- Born: Brita Josefdotter Bjørgum 11 March 1858 Voss Municipality, Vestland, Norway
- Died: 16 January 1906 (aged 47) Voss Municipality, Vestland, Norway
- Occupations: Writer; Teacher; Women's rights activist;
- Writing career
- Pen name: Brita

= Brita Bjørgum =

Norwegian writer, teacher and women's rights activist (1858–1906)

Brita Josefsdotter Bjørgum (11 March 1858 – 16 January 1906) was a Norwegian writer, teacher and women's rights activist. She was one of the first feminist writers to write in Nynorsk.

== Early life ==
Brita Bjørgum was born on 11 March 1858 in Voss Municipality to farmer and freeholder Josef Tollefson and Brita Larsdotter. She was the sister of painter Nils Bjørgum. She never married.

== Career ==
In 1879, Bjørgum took the lower teacher test at the teacher training school at Ølve in Sunnhordland. She then worked as a substitute teacher in Voss Municipality.

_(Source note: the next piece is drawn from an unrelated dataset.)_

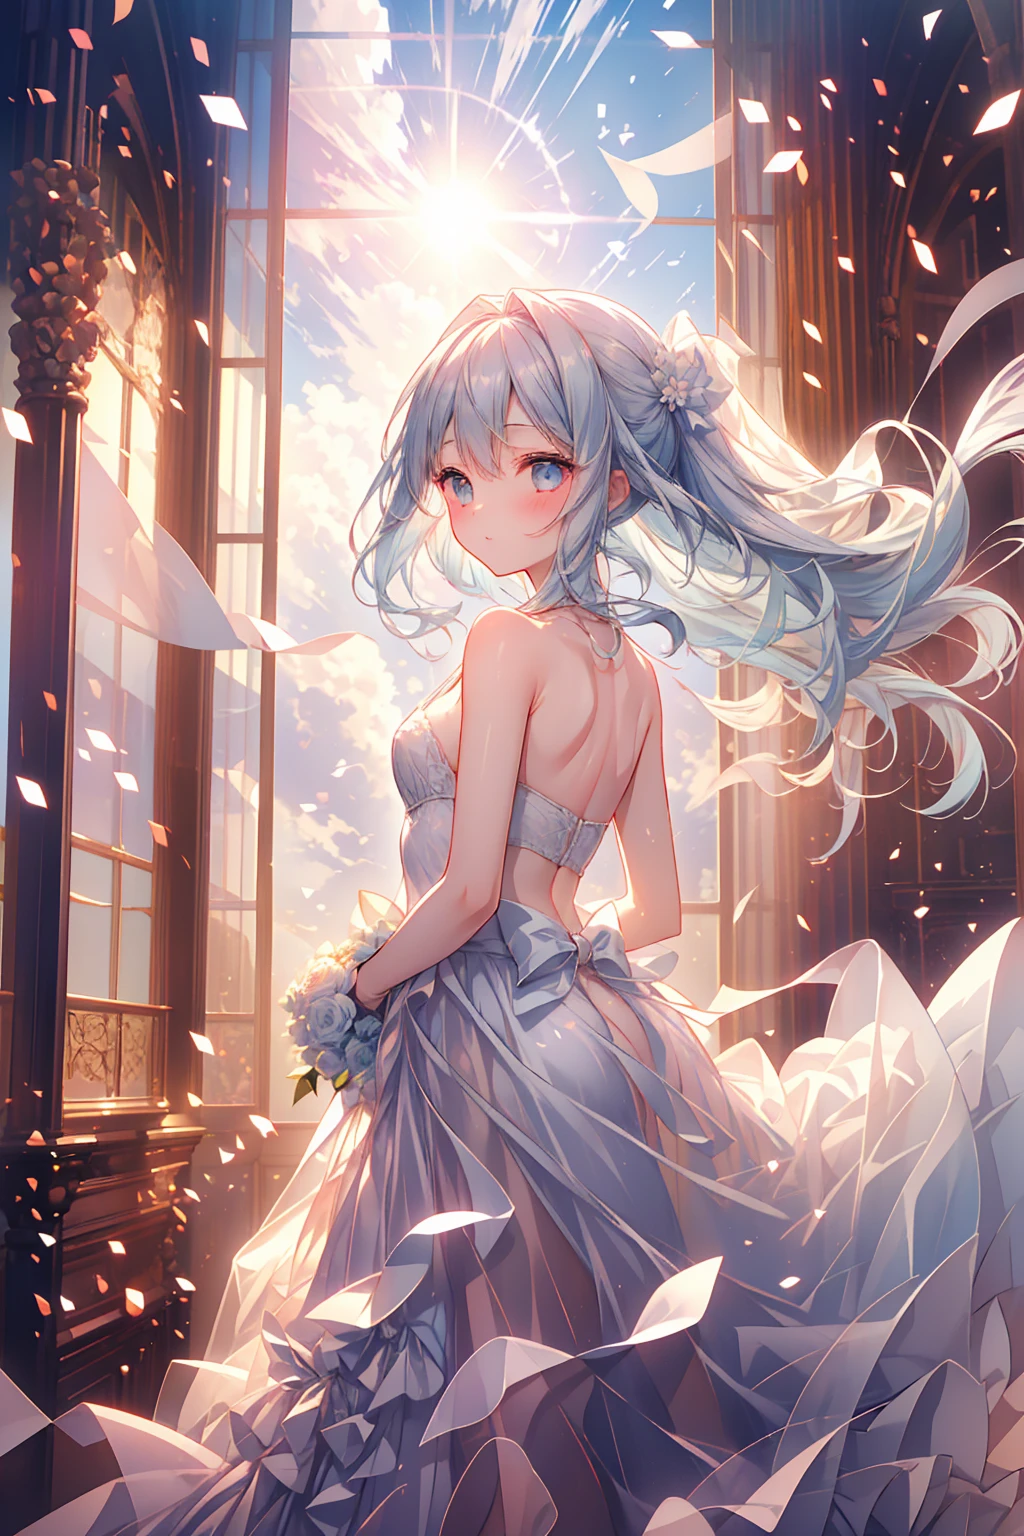 masterpiece, best quality, extremely detailed, (illustration, official art: 1.1), 1 girl, (((light blue long hair))), light blue hair, 10 years old, long hair ((blush)), cute face, big eyes, masterpiece, best quality, (((a very delicate and beautiful girl)))), amazing, beautiful detailed eyes, blunt bangs (((little delicate girl)))), tareme .(true beautiful: 1.2), sense of depth, dynamic angle,,, affectionate smile, ???, (8K, HDR, highres), (((photography, RAW photo, hyperrealism, masterpiece, best quality, ultra highres))), (pin light, back light, backlighting, cinematic light), sharp focus: 1. 4, (hyper detail, detailed), full body,1girl, in a field of reeds where the wind blows as the sun sets, there stands a girl in a wedding dress The dress is a flowing white gown that catches the breeze and dances with the wind. The girl's light blue hair is loose and tousled, and she holds a bouquet of wildflowers in her hands. As the sun sets behind her, casting a warm golden light over the field, she stands tall and serene, like a vision of beauty and grace, oval face,  small and pretty but plump lips, 
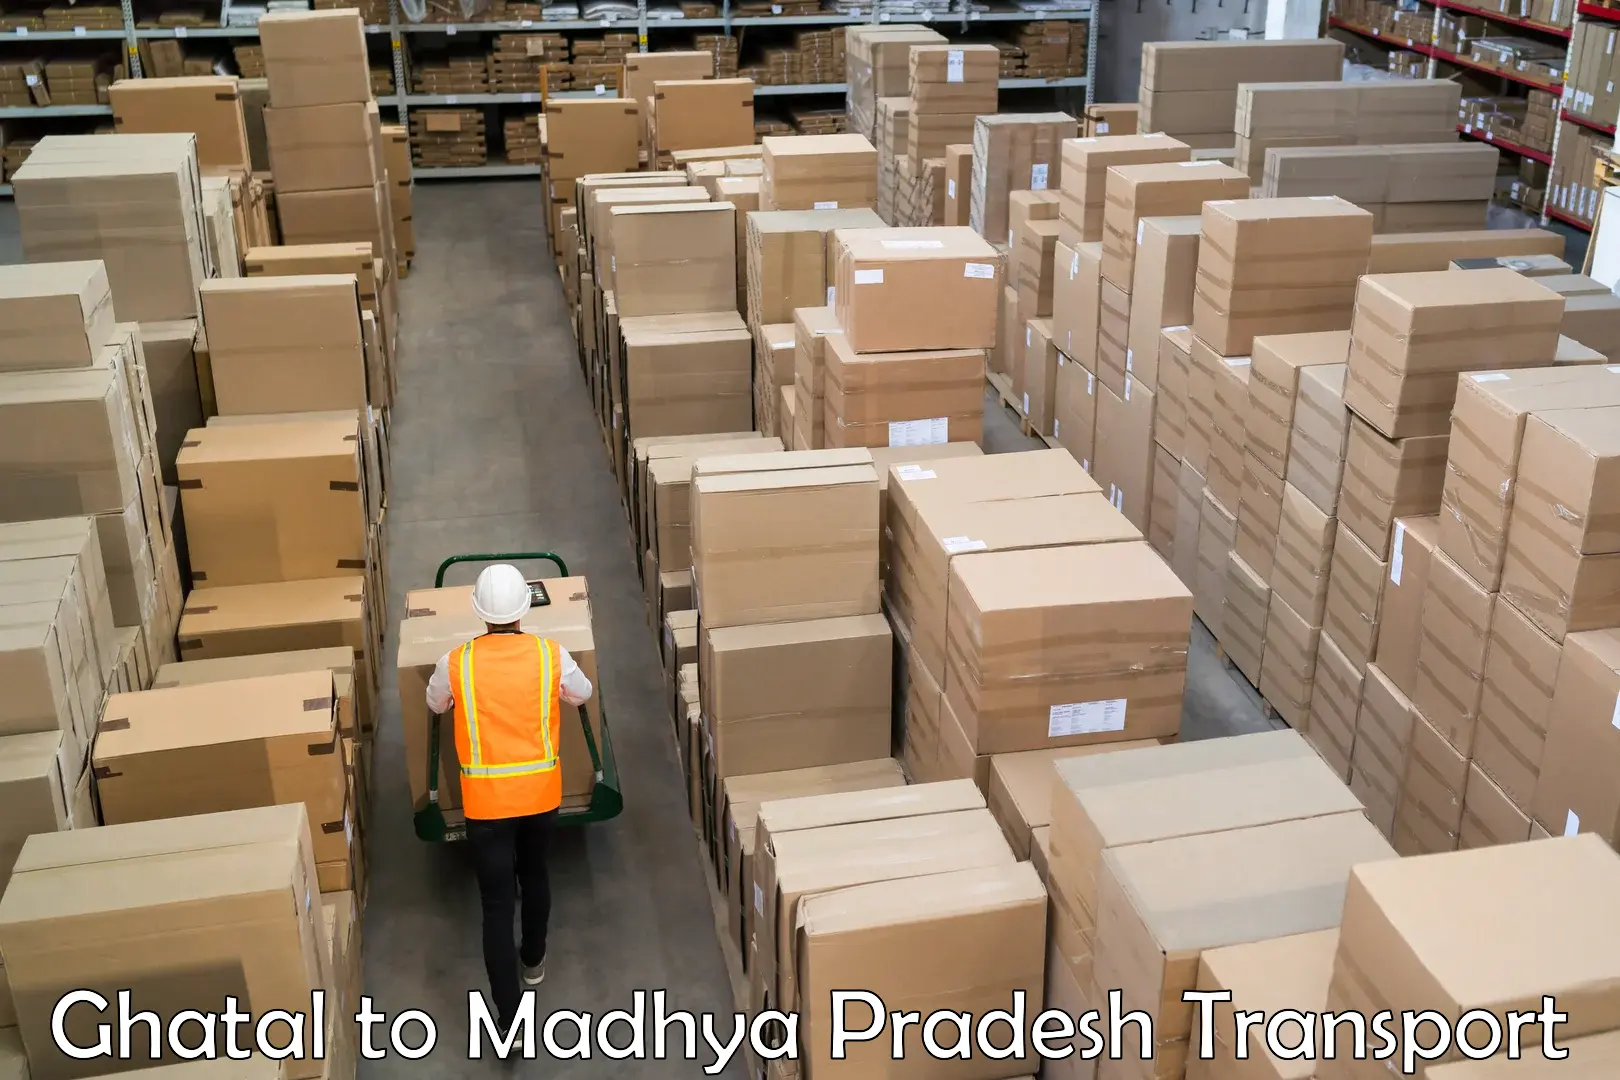 Truck transport companies in India Ghatal to IIT Indore

Bjørgum wrote poems and short fiction in publications such as the Unge Skud/Unglyden and Den 17de Mai, often just under the name Brita. In the latter magazine she published a serial, which was published as a book in 1895, titled Kari Lidi. The book is considered to be the first longer story written by a woman in Nynorsk.

Bjørgum was an active member of the Noregs Ungdomslag. She was an active feminist who was fought for women's suffrage and the right for women to smoke, and she is considered a pioneer among female Nynorsk writers. She also advocated for a republic as a form of government.

Despite her political work, Bjørgum was concerned with tradition and held a Christian outlook on life. She also interested in bunad clothing and she sought out old patterns and sewing techniques. In 1892, she was the first to contribute money to the charitable orphanage in Voss.

== Later life ==
Bjørgum died on 16 January 1906, at the age of 47.